Working With the Subjects
My subjects, father and son Greg and Lewis Kellaway are dairy farmers operating separate farms in Dorset and Wiltshire. To complete the project I conducted a day long shoot at each farm returning for a second shoot at Greg’s farm and to show him the first batch of photographs. I would liked to have spent another day with Lewis but the project has reached, not a conclusion, but an ideal point at which to pause and take stock.
To meet the requirements of the assignment I worked both in and out of doors and used a mixture of natural light, artificial light and flash guns when working inside. Milking starts at 05:00 on Greg’s farm and 04:00 on Lewis’ so there was plenty of opportunity to work with artificial and flash lighting before the sun came up.
Whilst not shy neither man was comfortable with being photographed and Greg only relaxed on my second visit and even then still tended to look away when he saw the camera being raised. Lewis was a little more relaxed and my wife accompanied me on that shoot so in many of the photographs he has momentarily forgotten about the camera whilst in conversation with my wife.
As a result it was a struggle to put my subjects at enough ease to connect with the camera, lifting the camera was a signal for averting their gaze so I was encouraged that few of Mohr’s pictures include eye contact with his herdsman, Marcel. He is getting on with his day and Mohr is capturing those actions. Having now spent three days on the Kellaway farms photographing the herdsmen I can relate to this. Their job is defined by the needs of a large number of animals who know their routines and expect them to be followed, the men that tend them have no option to leave any part of their job until tomorrow, or to have a lie-in and catch the next train; any distractions to their day or deviations from their timetable just adds time to an already long and very physical day. To photograph this profession means fitting in around them and catching the opportunities as they arise. Posing is not part of the deal.
Sharing the Photographs
I have great respect for any man who rises at 4 or 4:30 a.m. seven days a week, engages in hard physical work that requires great sensitivity and awareness towards the welfare of his animals, only finishing at 7 or 8pm. It was important that their cooperation on this project was not rewarded by embarrassing them in any way so I was keen to hear their reactions to my first selection of photographs. Unfortunately it was impractical for Lewis to join us for the review so I am planning to meet up with him in a few weekend’s time but I was able to sit down in the farm kitchen and go through a set of prints with Greg, his wife Jen, their daughter Lara and his mother Grace.

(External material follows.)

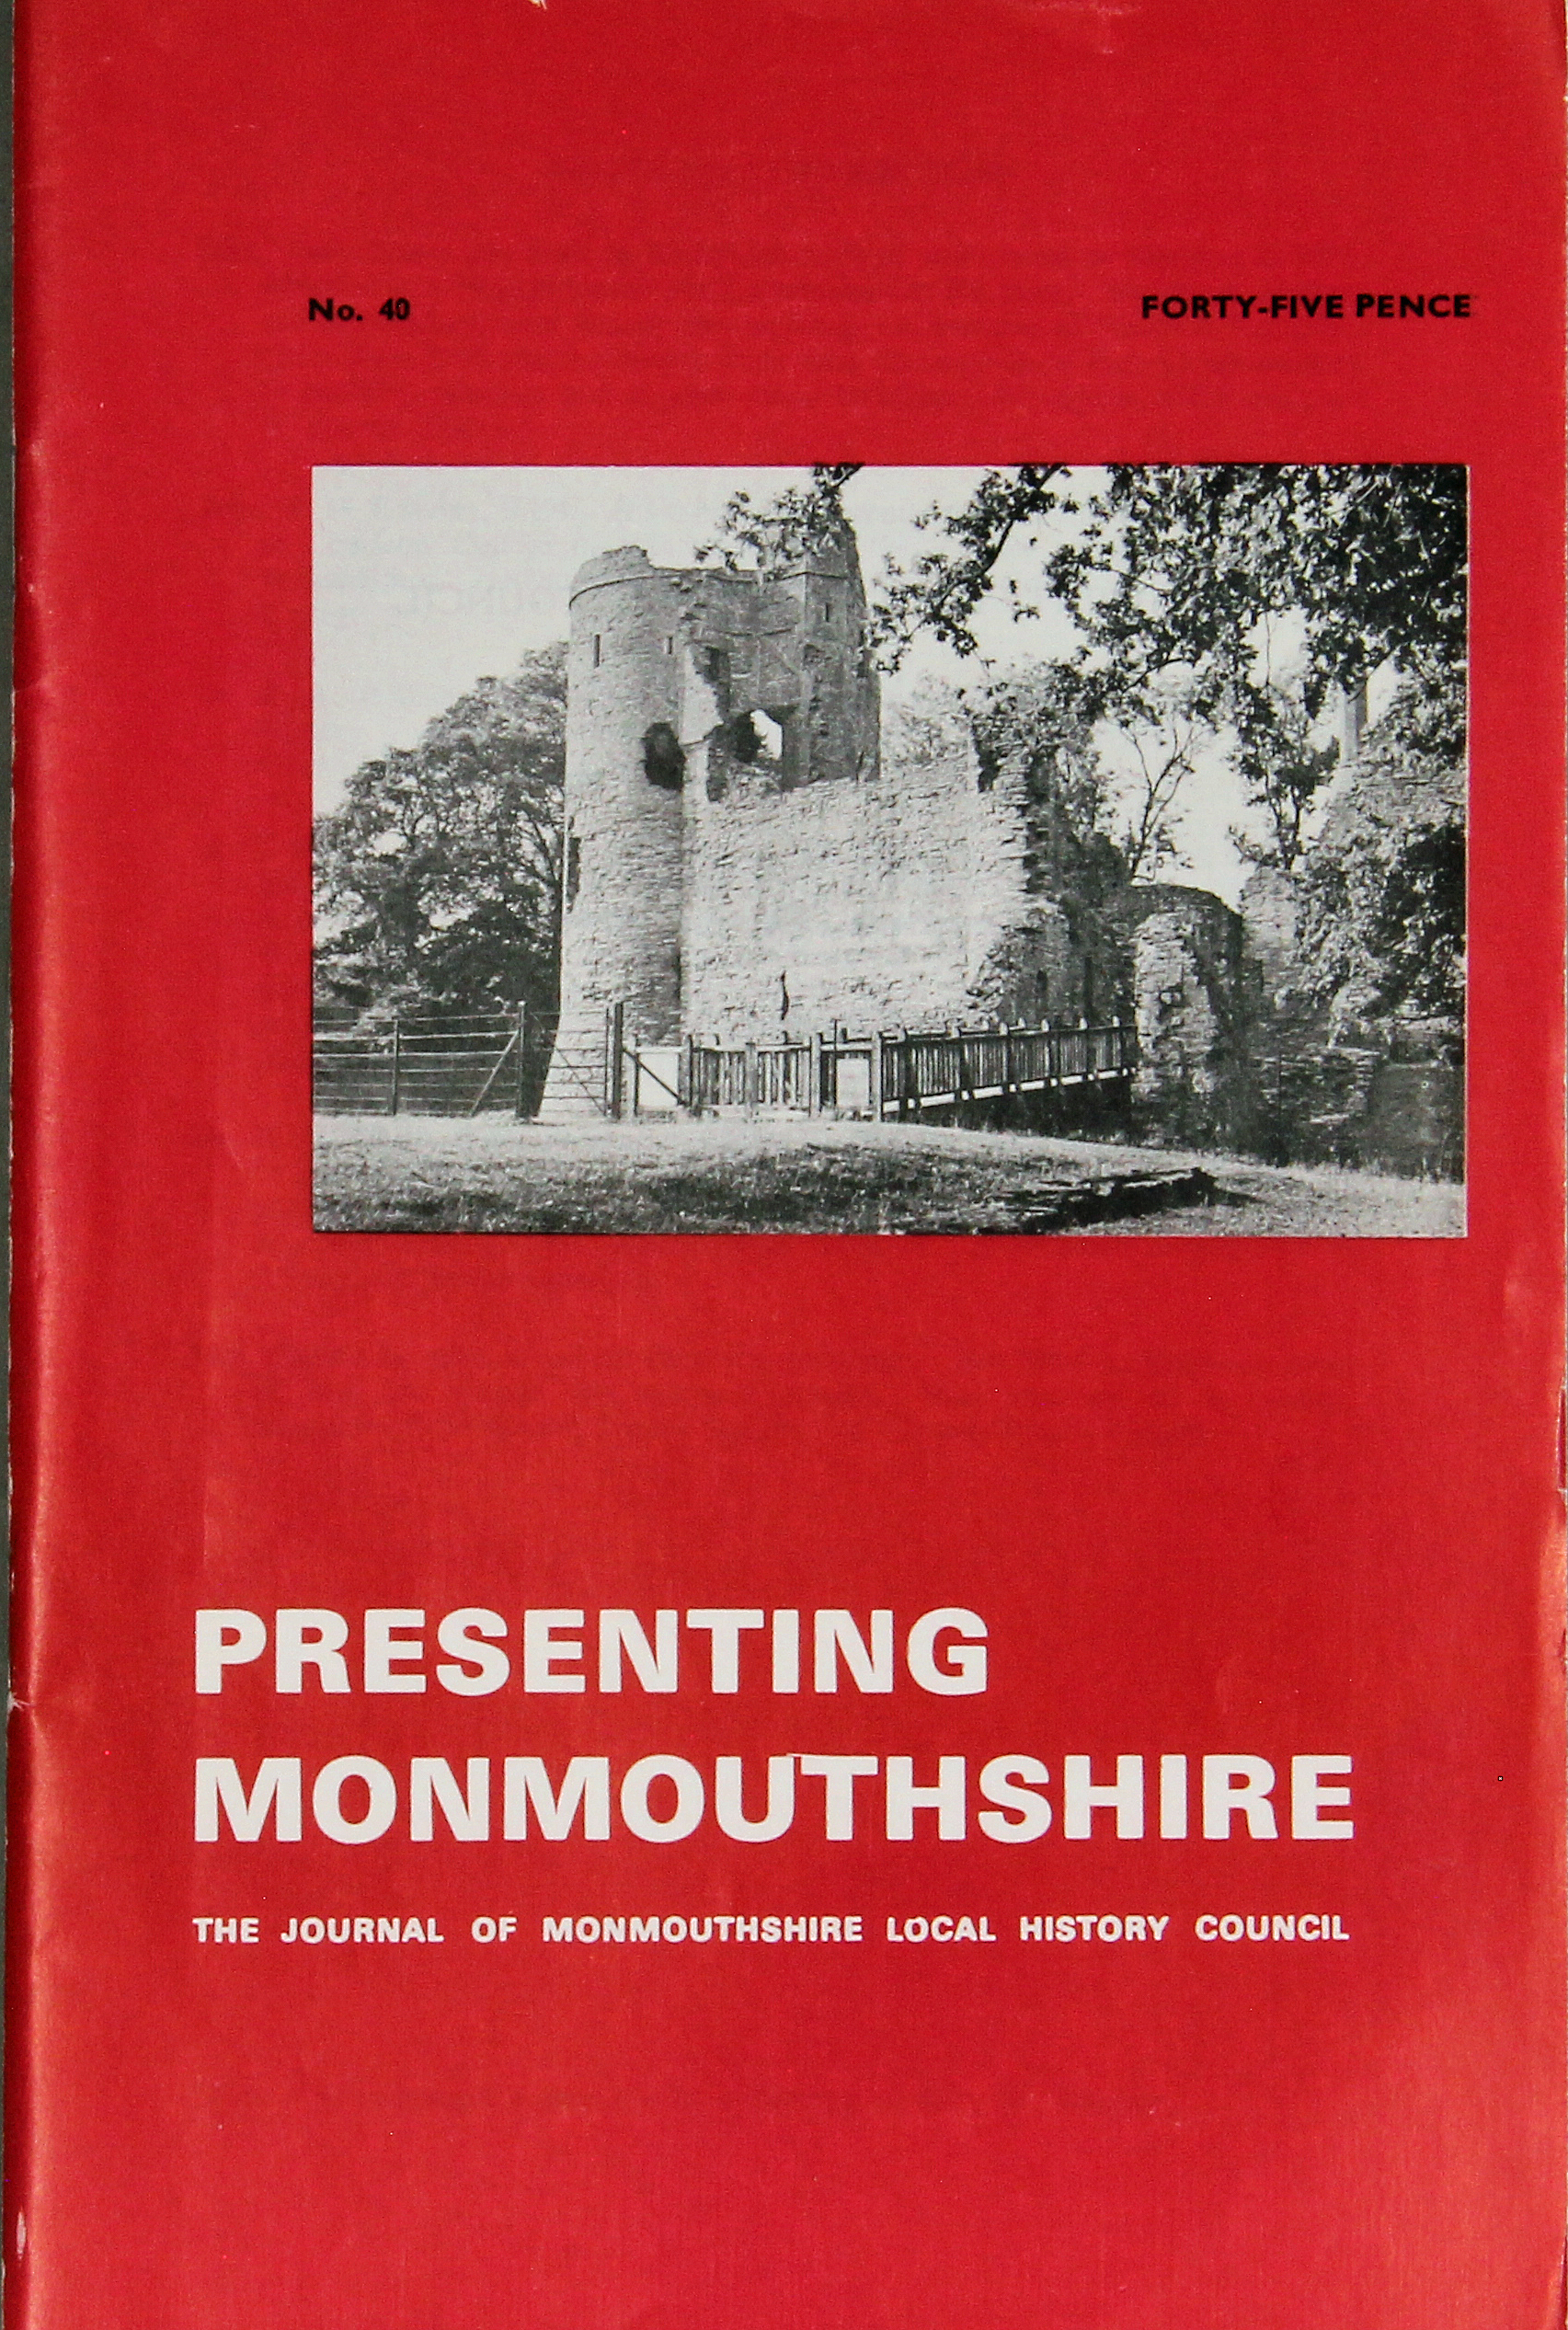 Presenting Monmouthshire: The Journal of Monmouthshire Local History No.40,  £0.20

I have included their reactions as a separate post as they are very much part of the output of the project but it was pleasing that, on balance, they like the pictures believing that they honestly reflect the farmers’ lives. We engaged in a lively debate on alternative meanings; I inevitably read them differently to the farming family but there were also significantly different readings between themselves.

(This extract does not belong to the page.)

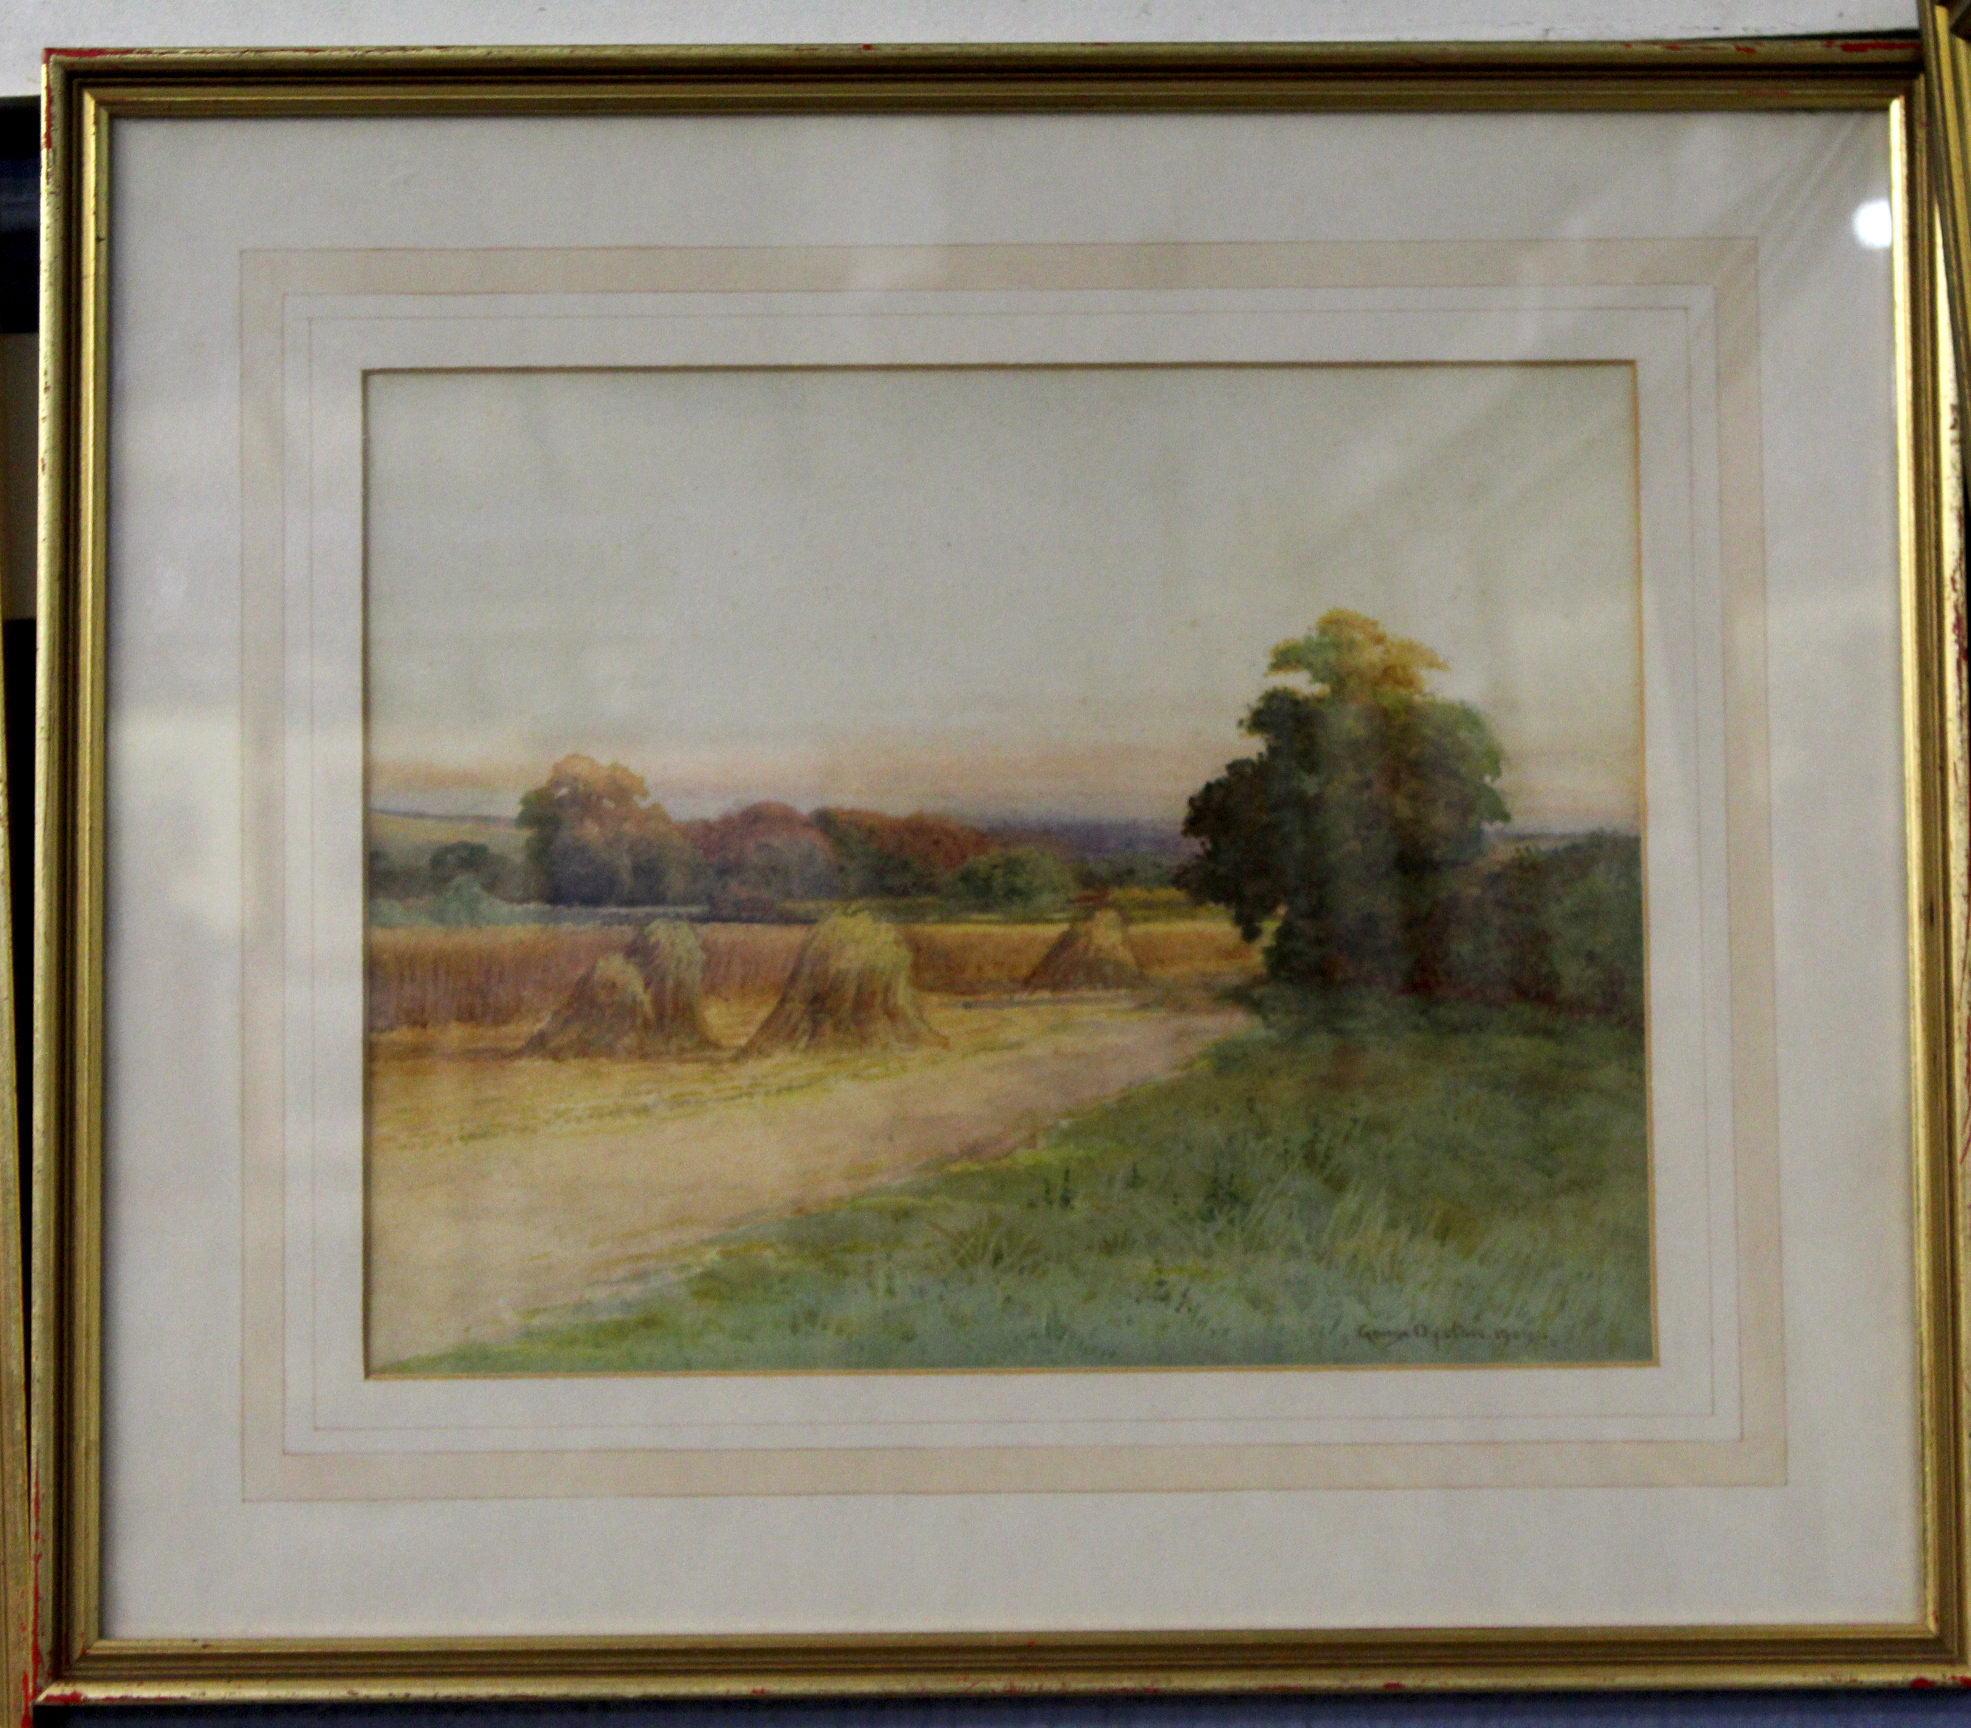 George Oyston, signed pair of watercolours, In the harvest fields at sunset, 22 x 28cms (2) - Image 2 of 2

This project could have formed the basis of the next assignment which deals with an outsider becoming an insider because I had only ever met Greg once and very briefly before my first shoot and had never met Lewis before. I obviously started as an outsider and certainly have only moved marginally towards and can never be an insider but I started this project with next to no knowledge of dairy herds and can now at least ask the occasional sensible question.